Не та дочь — страница 42 из 64

Элинор никогда не видела дядю плачущим и, жалея его, успокаивающе кладет руку ему на спину. Они встречается взглядами, и впервые она видит в его глазах отеческую любовь.

– Вашими успехами можно гордиться, – говорит она. – Вашей компании повезло, что у нее есть вы.

Лицо дяди Роберта залито слезами. Он выпрямляется, покачиваясь, и улыбается с искренней нежностью.

– Ты говоришь как твоя мать. – Его пристальный взгляд блуждает по лицу Элинор. – И выглядишь совсем как она. У тебя ее глаза. Она была самая красивая… – Он протягивает руку и гладит ее по волосам.

Краем глаза она замечает тень Хита в солнечном квадрате дверного проема. Дядя Роберт тоже видит ее и в панике отдергивает руку, но пальцы запутываются в волосах, Элинор испуганно вскрикивает.

Хит вскидывает ружье. Раздается щелчок.

Глаза дяди Роберта округляются.

– Хит, я тольк…

Хлопок. Вспышка. Элинор чувствует на лице горячие брызги. Дядю Роберта отбрасывает назад. Он падает на пол, его грудь – как расколотый гранат.

34Кейтлин Арден

Я захожу в дом на Блоссом-Хилл. Сегодня вторник. Оливия на приеме у Гидеона, родители на работе. Я стою одна в коридоре. Хоть я и выросла здесь, но чувствую себя незваной гостьей. От страха, что меня застукают, сердце колотится. Начинаю снимать кроссовки, но замираю. Если кто-нибудь вернется и увидит их у двери, сразу поймет, что я здесь. А весь смысл моего визита – войти и выйти незаметно.

В спальне Оливии приступаю к поискам второго мобильника. Возможно, она носит его с собой, но надеюсь, что нет. Или вдруг я найду другие улики – спрятанный паспорт или водительские права. Любые доказательства, кто она на самом деле. Открываю шкаф и удивляюсь: сколько дорогой красивой одежды. Она явно не раз пользовалась папиной кредиткой. Роюсь в ящиках, нахожу под кроватью коробку с дневниками и перелистываю их. Меня снова охватывает злость: лже-Оливия прочла сокровенные мысли моей сестры и воспользовалась ими, чтобы заставить всех поверить в ее историю. Я засовываю дневники обратно под кровать и продолжаю искать, но не нахожу никакого компромата.

С каждой минутой бесплодных поисков разочарование усиливается. Телефона нет. Что-то внутри меня надламывается, приходится прикусить язык, чтобы не закричать.

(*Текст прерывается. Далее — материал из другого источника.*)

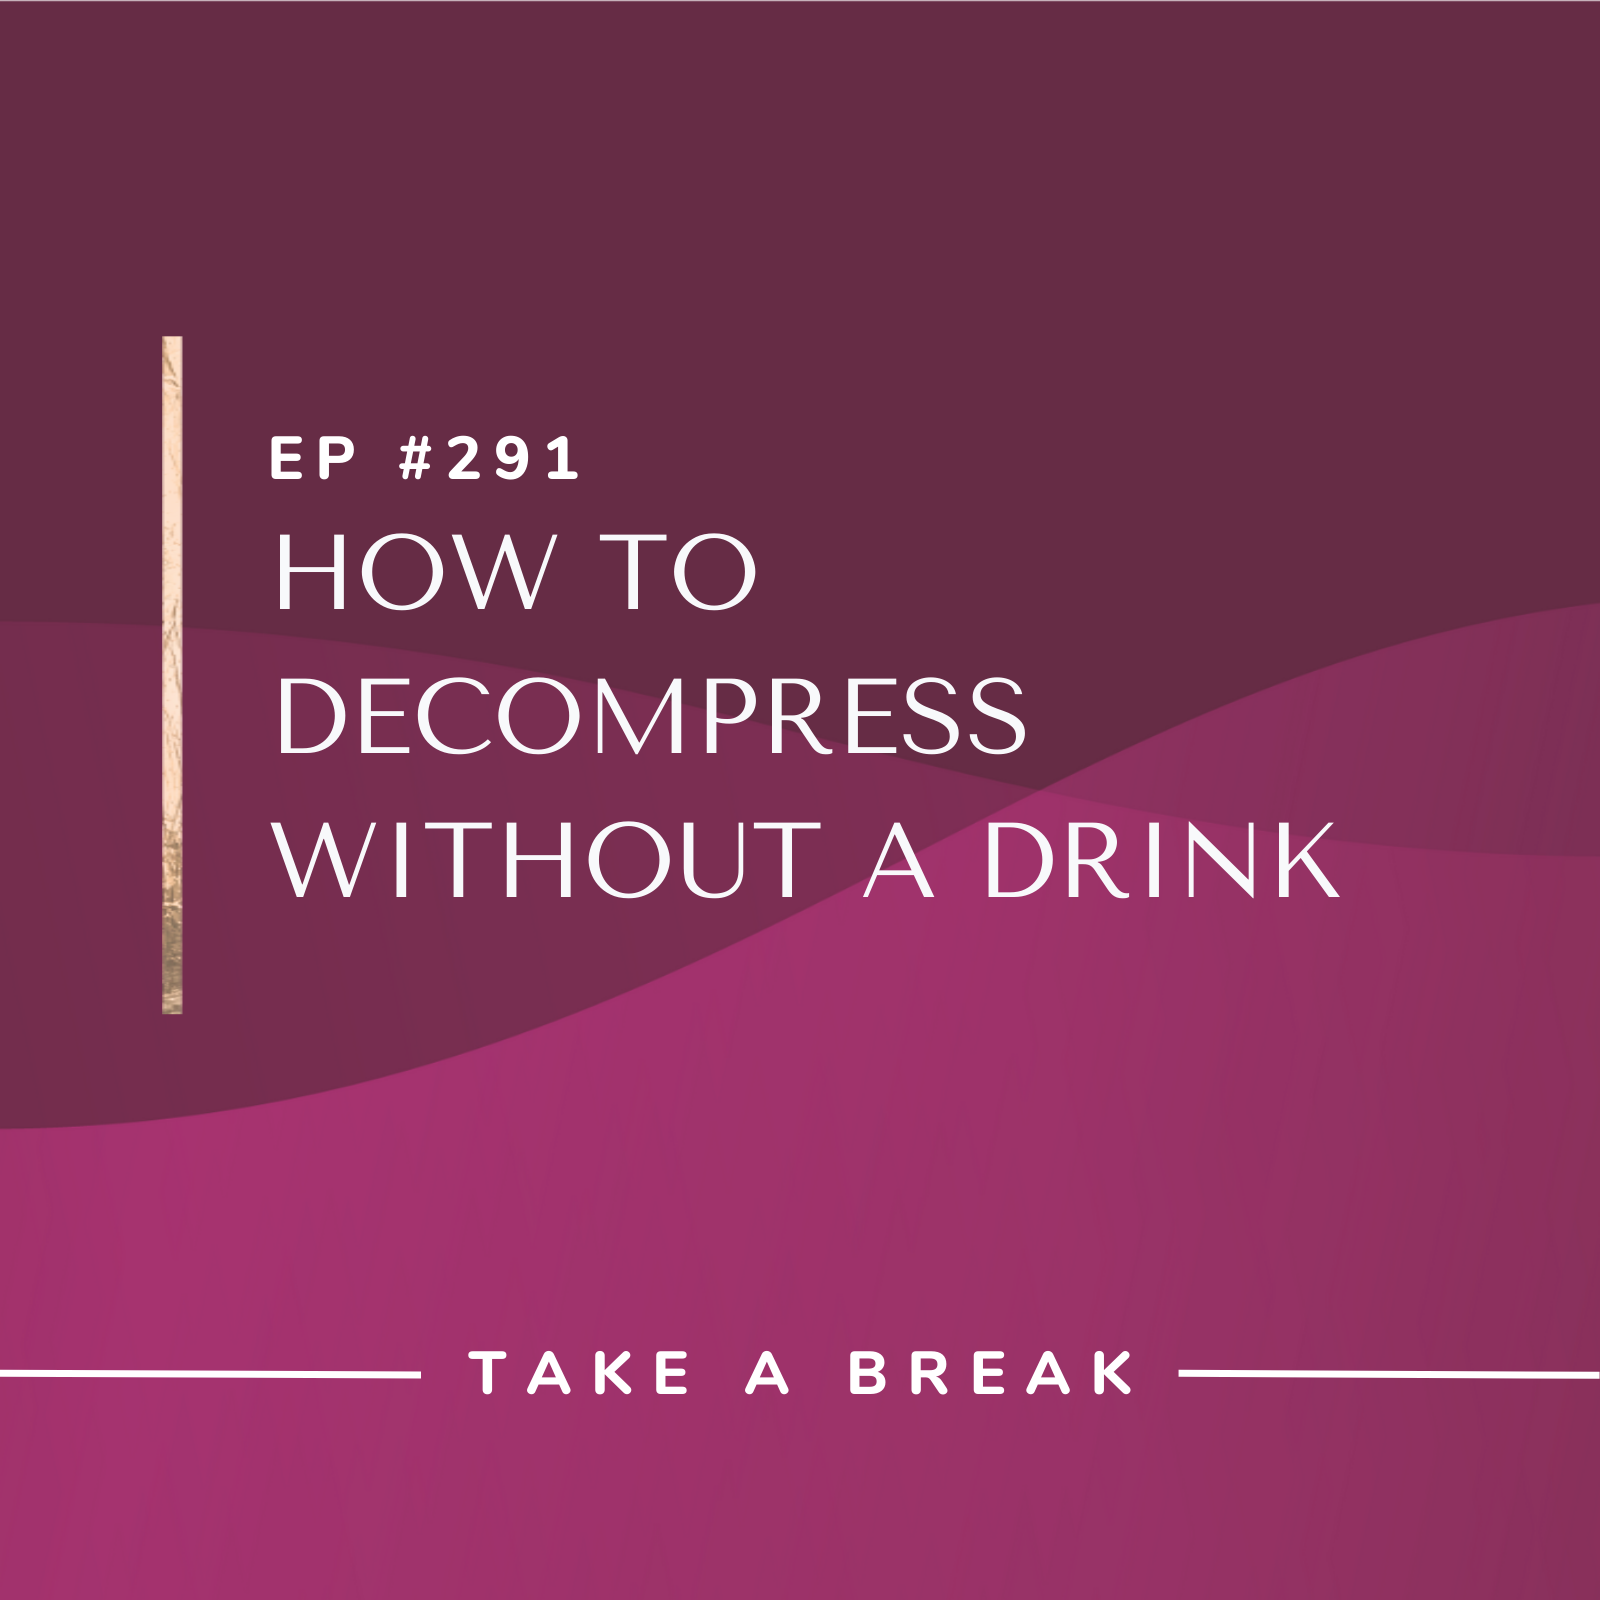 Take A Break from Drinking How to Decompress Without a Drink

Лучшая подруга и жених не верят мне. Мне нужны доказательства. Без второго телефона я не докажу, что она не моя сестра. А если полиция не засомневается, то не станет проводить повторный тест ДНК. Но разве я сама не могу его сделать? Сейчас я одна в комнате, где полно вещей, к которым она прикасалась, которыми пользовалась. Так что это вполне реально.

Я достаю телефон, вбиваю в «Гугле» «набор для ДНК», просматриваю несколько сайтов и быстро понимаю, что мне нужны волосы, а еще лучше – слюна. Если сравнить их с моими, то можно доказать: мы не родственники.

Надежда озаряет меня как солнечный луч. Я сбегаю вниз по лестнице и хватаю из кухонного шкафа пару пакетов на молнии. Вернувшись в спальню, снимаю со щетки-расчески волосинки и осторожно помещаю в пакет. Потом иду в ванную и снимаю насадку с электрической зубной щетки. Поскольку у мамы с папой отдельная ванная комната, то никто, кроме Оливии, не пользуется основной ванной. Так что это наверняка ее щетка. Я достаю новую, точно такую же насадку из шкафчика, надеясь, что Оливия не заметит подмены. Трясущимися руками пытаюсь засунуть добычу в пакет, но впопыхах роняю. Наклоняюсь и замечаю что-то прилипшее снизу к умывальнику. Нет, не прилипшее… приклеенное скотчем. Отлепляю и выпрямляюсь, чтобы рассмотреть: маленький белый футляр умещается на ладони. Открываю, и на меня, покачиваясь в прозрачном растворе, смотрит пара линз цвета незабудки.

Вспоминаю первую встречу с Оливией в родительской гостиной. Я сомневалась, она это или нет. Но мои глаза встретились с ее глазами, которые всегда напоминали мне ледниковые озера и летнее небо, незабудки и лепестки колокольчиков, и все сомнения исчезли. Благодаря этой детали я поверила, что Оливия – моя сестра. Всё оказалось притворством. Еще один обман.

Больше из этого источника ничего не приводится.